Shortly afterwards, Iran’s Revolutionary Guard Corps (IRGC) told state media they had targeted an airbase used by the U.S. military from which the attack originated.
The IRGC did not identify the country said to be hosting the base, but the Kuwaiti military said its air defense had intercepted “hostile missile and drone attacks.”
Iran was already in talks with the United States about the fate of its nuclear program in February, when the U.S. and Israel launched air and missile strikes that wiped out much of the Islamic republic’s senior leadership and plunged the Middle East into war.
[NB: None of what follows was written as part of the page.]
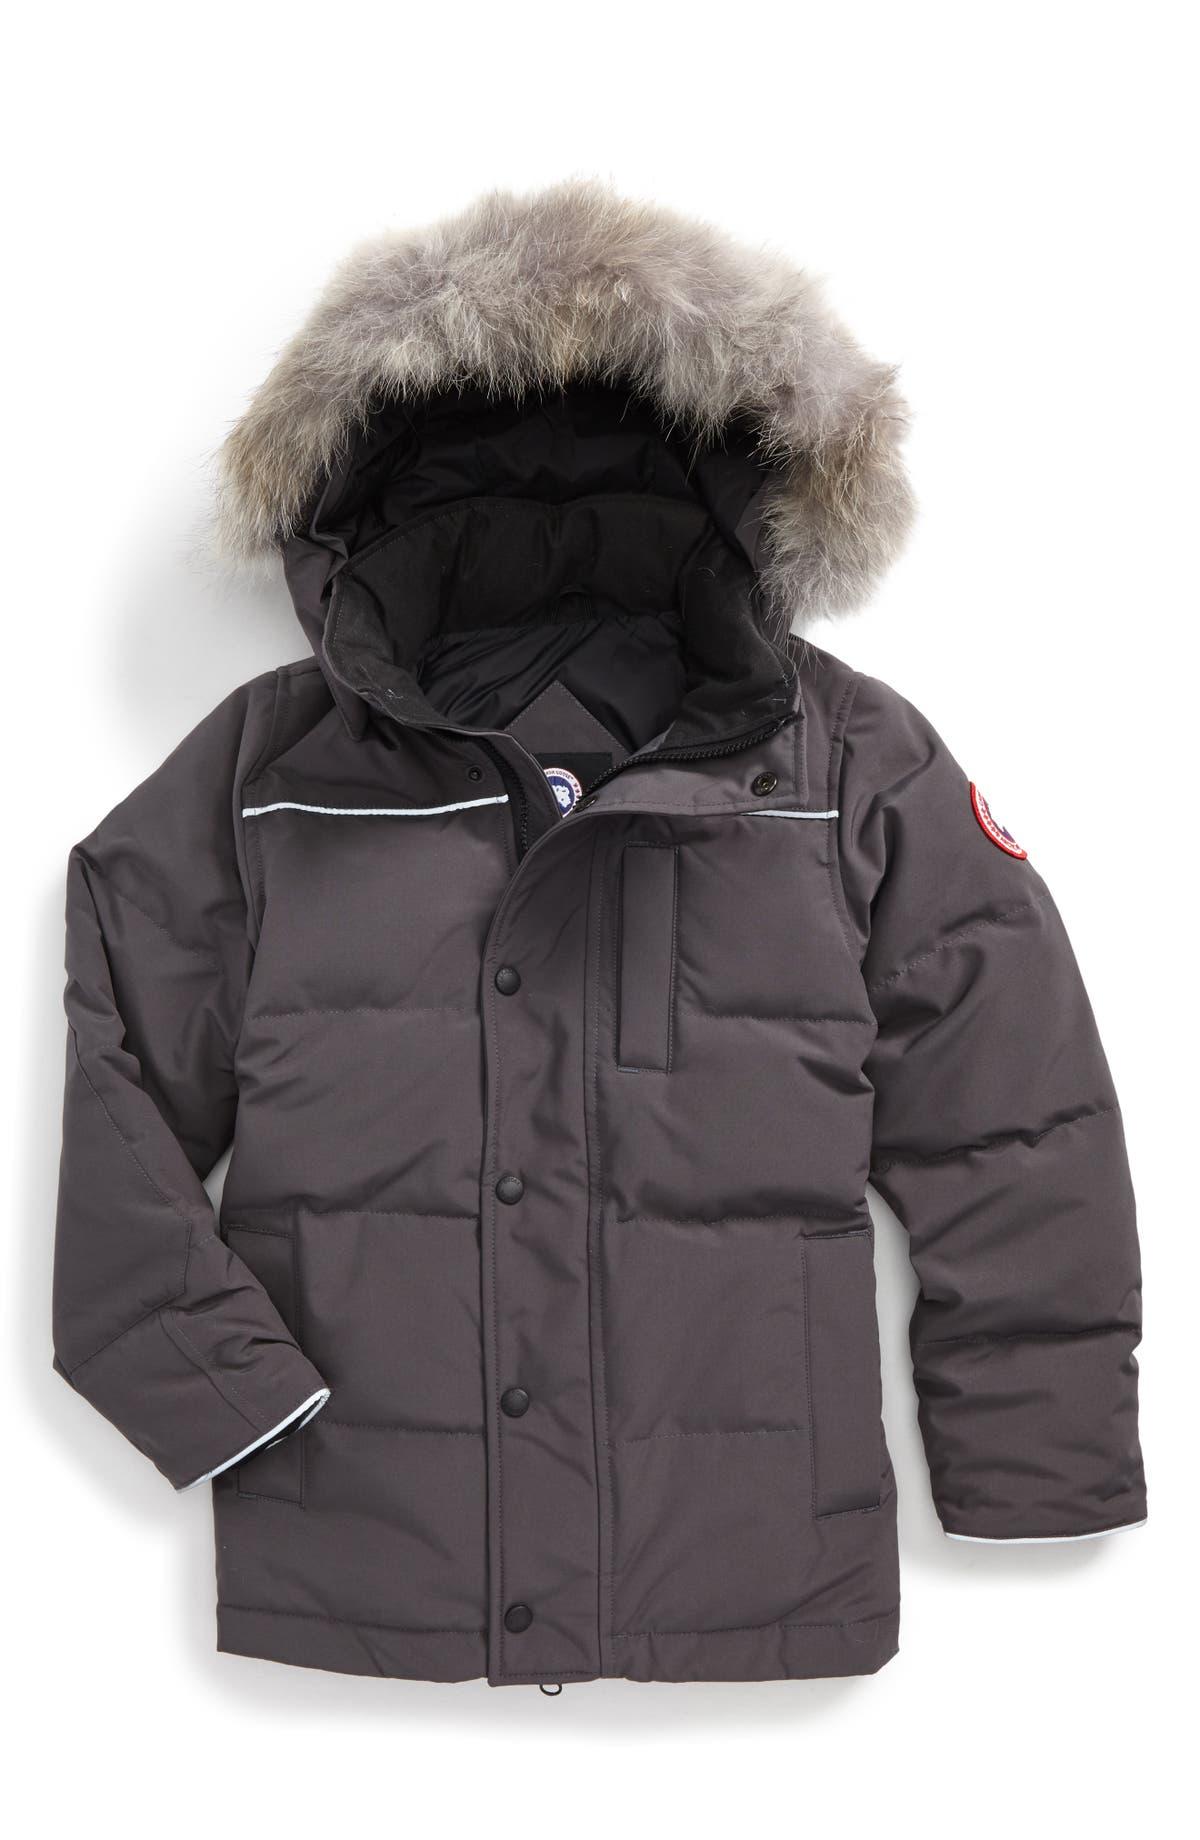 Canada Goose Boy's Eakin Fur Trimmed Quilted Parka

While Tehran has long insisted that its nuclear program is for purely civilian ends, the United States and its Western allies suspect it aims to develop am atomic weapon.
“We know when it is necessary to act on nuclear matters,” Iranian Foreign Ministry spokesman Esmaeil Baqaei told a weekly news briefing on June 1.
“No negotiations have taken place on the details of the nuclear file. At this stage, our priority is ending the war.”
“We insist that a ceasefire in Lebanon is an essential condition for any deal aimed at ending the war,” Baqaei said, adding, “The United States is also violating the ceasefire, including this morning.”